Greadme runs a dedicated Dataset validator aligned with Google Dataset Search requirements. The score starts at 100 with the following key deductions:

Issue	Points lost
Missing `name`	−20
Missing `description`	−20
Description under 50 characters	−15
Description over 5000 characters	−15
Missing `creator`	−10
Missing `license`	−10
Missing `distribution`	−10
Missing `url`	−8
Missing `identifier`	−8
Missing `keywords`	−5
Missing `isAccessibleForFree`	−5
Missing `temporalCoverage`	−5
Invalid `temporalCoverage` format	Error

Frequently Asked Questions

Is Dataset schema only for scientific data?

No. While it is most commonly used by academic and government organizations, Dataset schema can be used for any structured collection of data — including business datasets, marketing statistics, or public APIs. Google Dataset Search indexes any dataset with valid schema markup, regardless of domain.

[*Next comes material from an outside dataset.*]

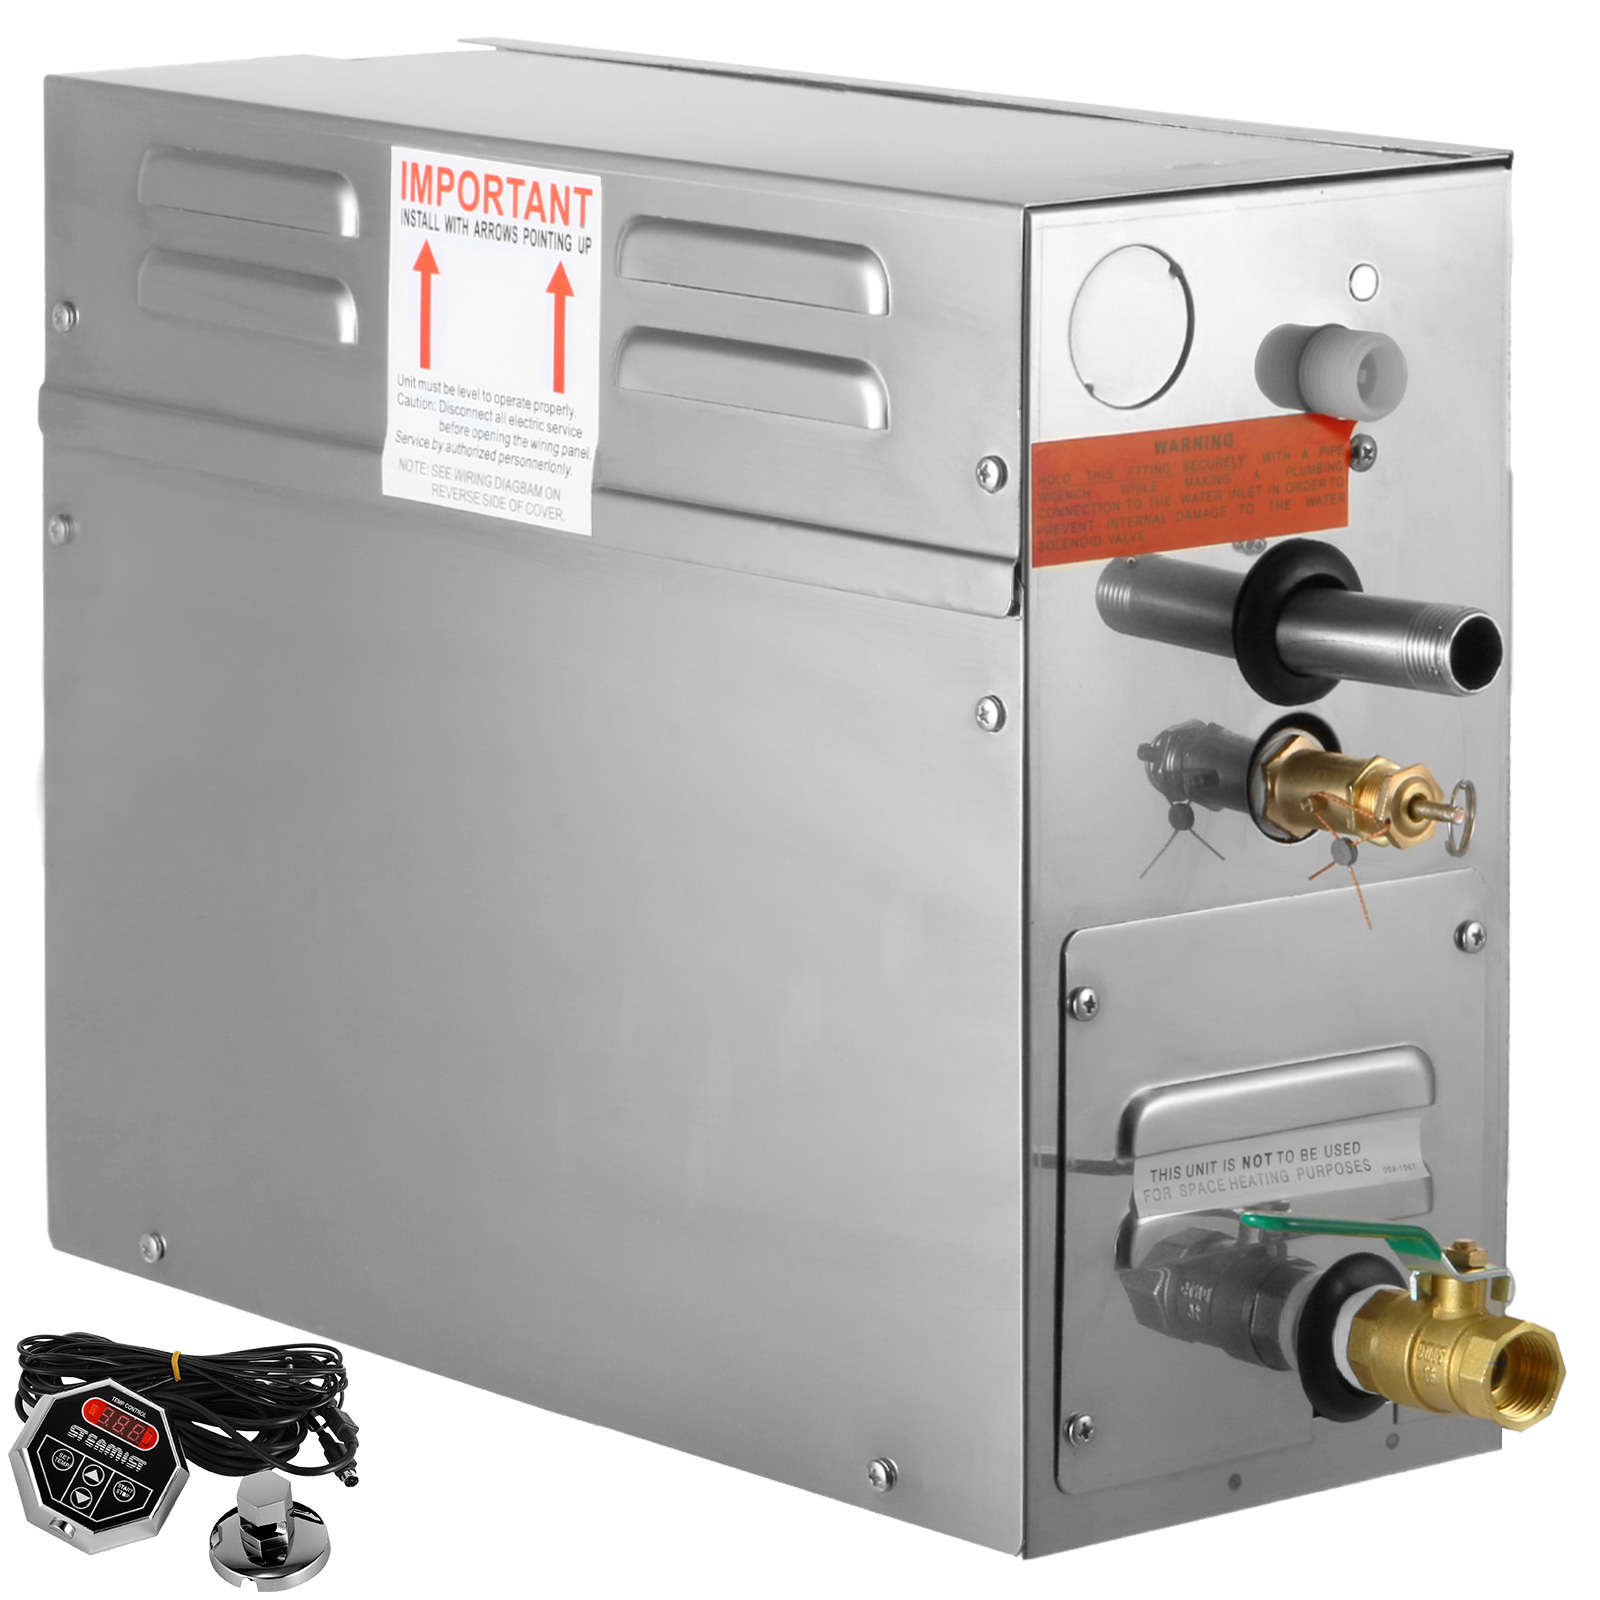 High-quality 4-9KW Steam Generator Multi-functional Sauna Bath Home SPA Shower
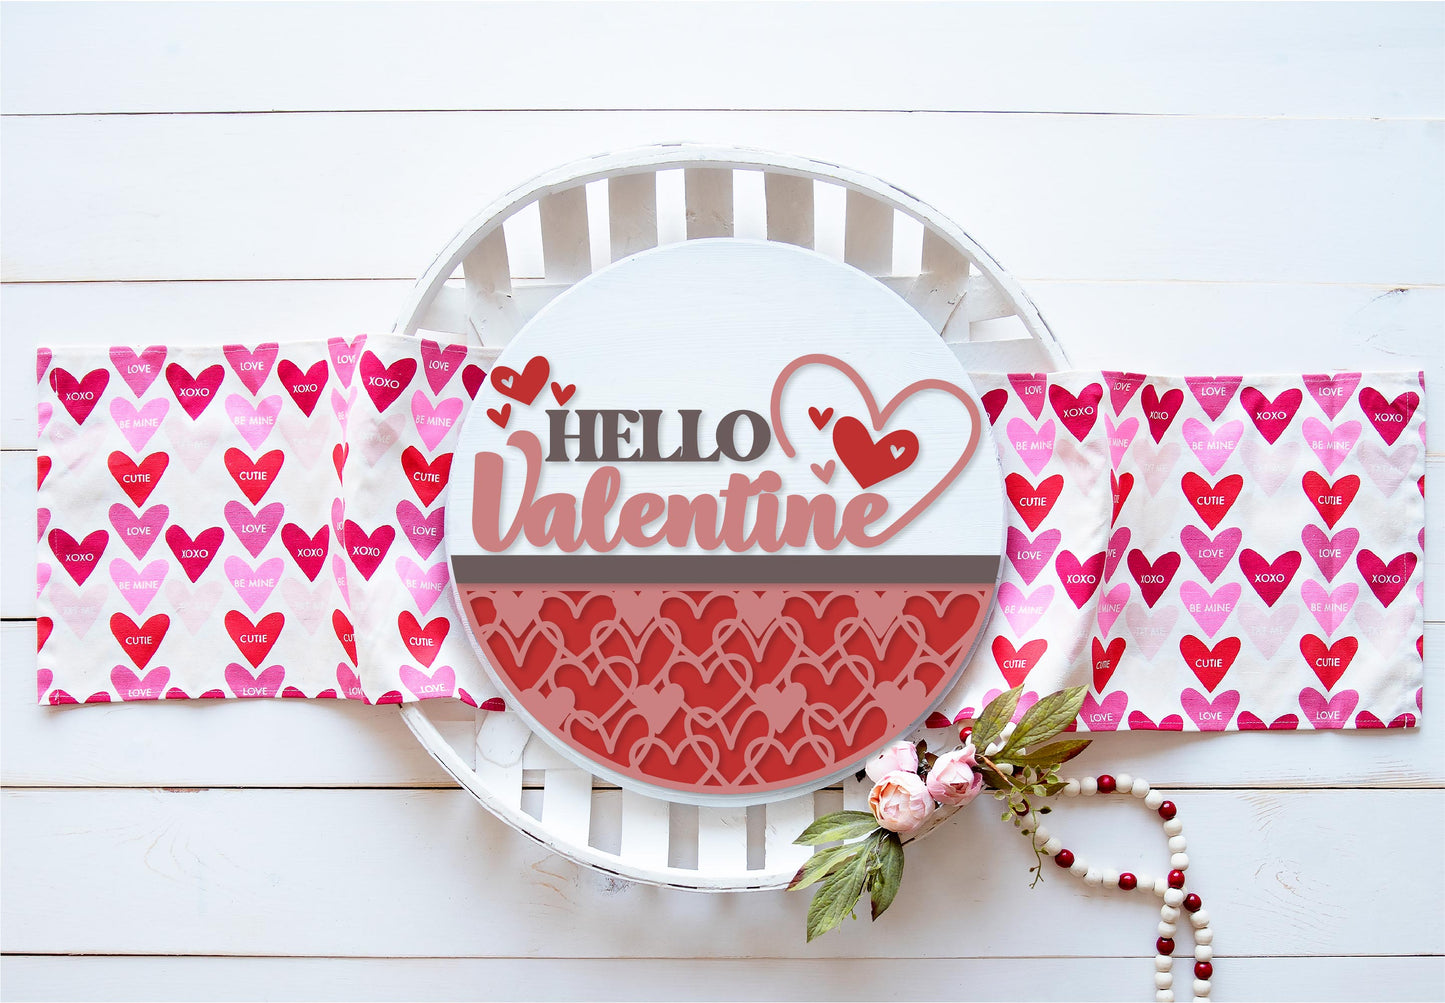 Hello Valentine sign

What if my dataset has multiple file formats?

Use an array for the distribution property, with one DataDownload object per format. Each should have its own contentUrl and encodingFormat. For example, if your dataset is available as both CSV and JSON, include two distribution objects.

Can I nest datasets inside other datasets?

Yes. Use the hasPart property to embed sub-dataset objects. Each nested Dataset must have its own name, description, and license. Greadme validates each nested Dataset and warns on missing required fields.